Tomorrow, at about 2pm, a plane carrying the remains of three fallen Canadians will touch down in Trenton, ON. They were killed in Afghanistan late Tuesday by a roadside bomb as they returned from dismantling another roadside bomb. With great ceremony and dignity the caskets will be borne to waiting hearsts and family watched from a respectful distance by the press and the public.

Ramp ceremony in Khandahar, AfghanistanA motorcade will form, containing the hearses, the families, military escorts and eventually police. The motorcade will travel the portion of Canada’s busiest highway known as the Highway of Heroes where Canadians will turn out on bridges along the route to show their respects to these brave men who went to this far off land in the belief they could make a difference.
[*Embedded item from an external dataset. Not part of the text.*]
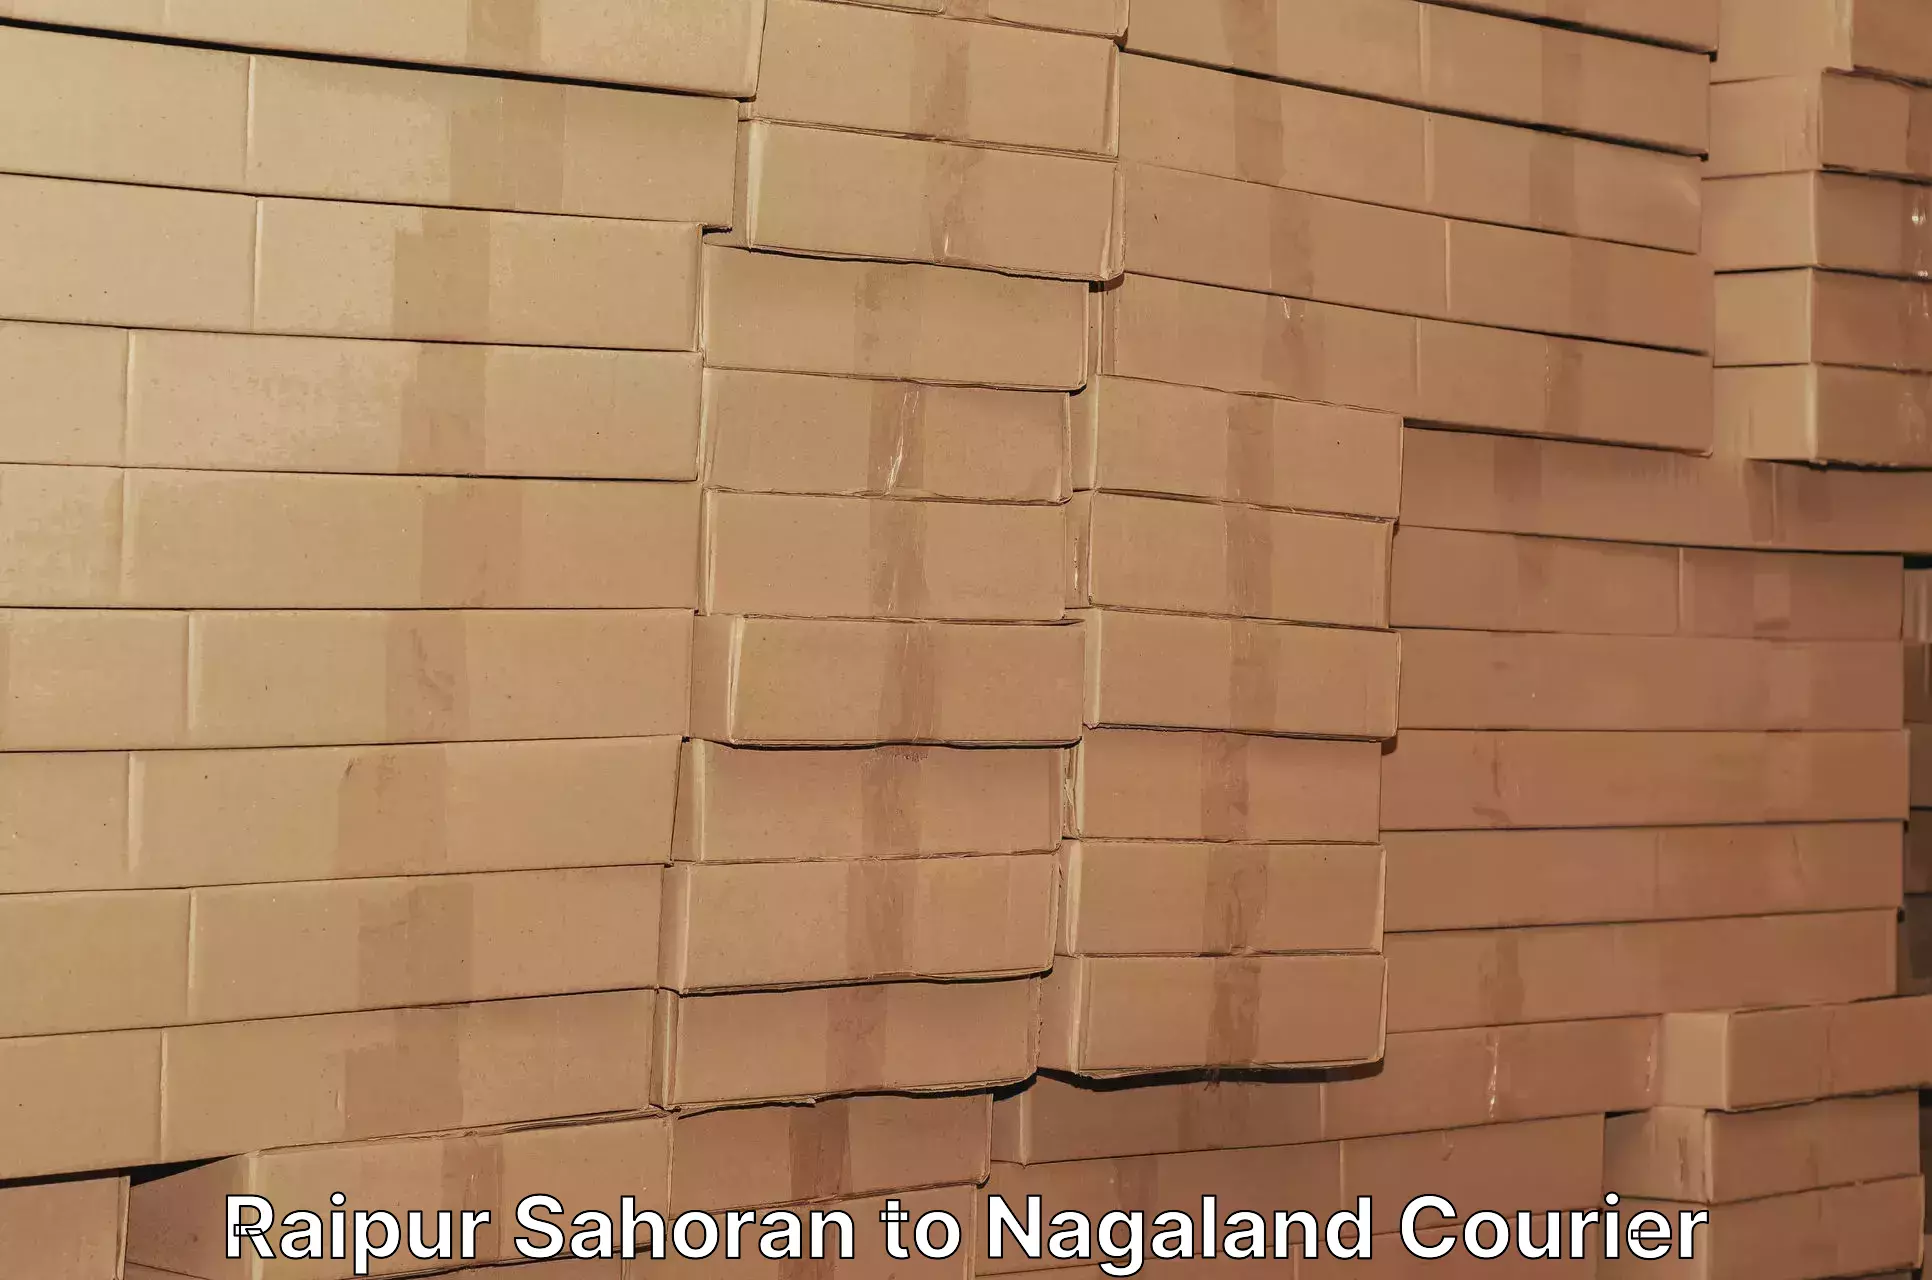 Efficient shipping operations in Raipur Sahoran to NIT Nagaland

Last week during an interview on CNN Stephen Harper, as he is so want to pontificate, pronounced the Afghanistan war unwinnable. On the face of that statement, it must have really left ours and other troops wondering just what the hell they are doing there. Part of the problem is that Harper was so busy trying to be a big man on stage that he didn’t give much thought to what he had to say.

If the definition of “winning” is based on the terms of a conventional war, he’s right. Afghanistan, like Iraq, are not conventional wars. They are wars against an enemy that is rather loosely definied and clearly not organized enough to fight in conventional terms. Unconventional wars aka insurgencies demand a different definition of ‘winning’.

Harper should have been this clear with the Canadian people a long time ago. Instead he waits until he’s on a foreign stage to make his pronouncements. Attempts by the Opposition parties over the years we’ve been involved in Afghanistan to get some admission by the Harper government that this war would not be ‘won’ in the conventional sense has been met with various rhetoric, from calling them defeatists, lacking support for the troops and even being Taliban supporters.

He should have been crystal clear to Canadians and to the troops who are fighting this war. Winning would not be the surrender of the Taliban and their acceptance of western democracy in their war ravaged country. Winning would be NATO troops being there in numbers large enough and long enough for Afghans to have a stable form of government and enough well trained security forces to protect their own people.

Harper has failed to realize the Canadian people are not stupid, we can figure out that as long as forces like the Taliban and Al Queda can operate with impunity that there is a threat to western countries. The lack of honesty by the government has led many to view the work of our troops and the losses as being in vain.

There has been areas of progress in Afghanistan and now that at least one NATO country, the United States, has made Afghanistan the focus it should have been a long time ago, there is the possibility of more progress with more boots on the ground. More NATO countries need to step to the plate and do more. The effort needs to be more focused on the end game, the establishment of security and the building of Afghan forces and infrastructure.

Retired Major-General Lewis Mackenzie writes in today’s Globe & Mail:

I have repeated ad nauseam that “victory” for the NATO forces will be our departure from Afghanistan with an Afghan security force capable of dealing with a much reduced counterinsurgency threat. Many nations are functioning today with insurgents trying to disrupt their populations with little effect while life and business continue as usual: Spain/ETA, Colombia/FARC and Peru/Shining Path provide at least three convincing examples.

Acknowledging that the Afghan insurgency will never be defeated in the near term is merely reality. But it can be made irrelevant, and must be. Canada has played, and will continue to play, more of a role than most in this undertaking.

Our troops have historically and even today managed to punch above their weight when given a mission to do. They pour their heart and soul into doing what their country asks of them. The absolute least we should demand of the governments who send them on those missions is honesty about the endgoal of their mission. No Canadian soldier should ever die in vain.

The wife of Warrant Officer Dennis Brown, one of the soldiers returning tomorrow, called on the government on Wednesday to not give up on the mission:

“We may not be able to beat the Taliban. There’s lots of things in our life we can’t beat. … But do you give up? Do you stop? Absolutely not,” Mishelle Brown said. “One person can’t make a difference. But if we band together, we can.”

Ms. Brown was responding to Prime Minister Stephen Harper’s recent comments on CNN that Canadian and other foreign armies can’t beat the Taliban.

The government needs to set the goal clearly in view and we should stay the course until the goal is met. Failing to do so, will have not only Canada’s soldiers dying in vain but those of our allies.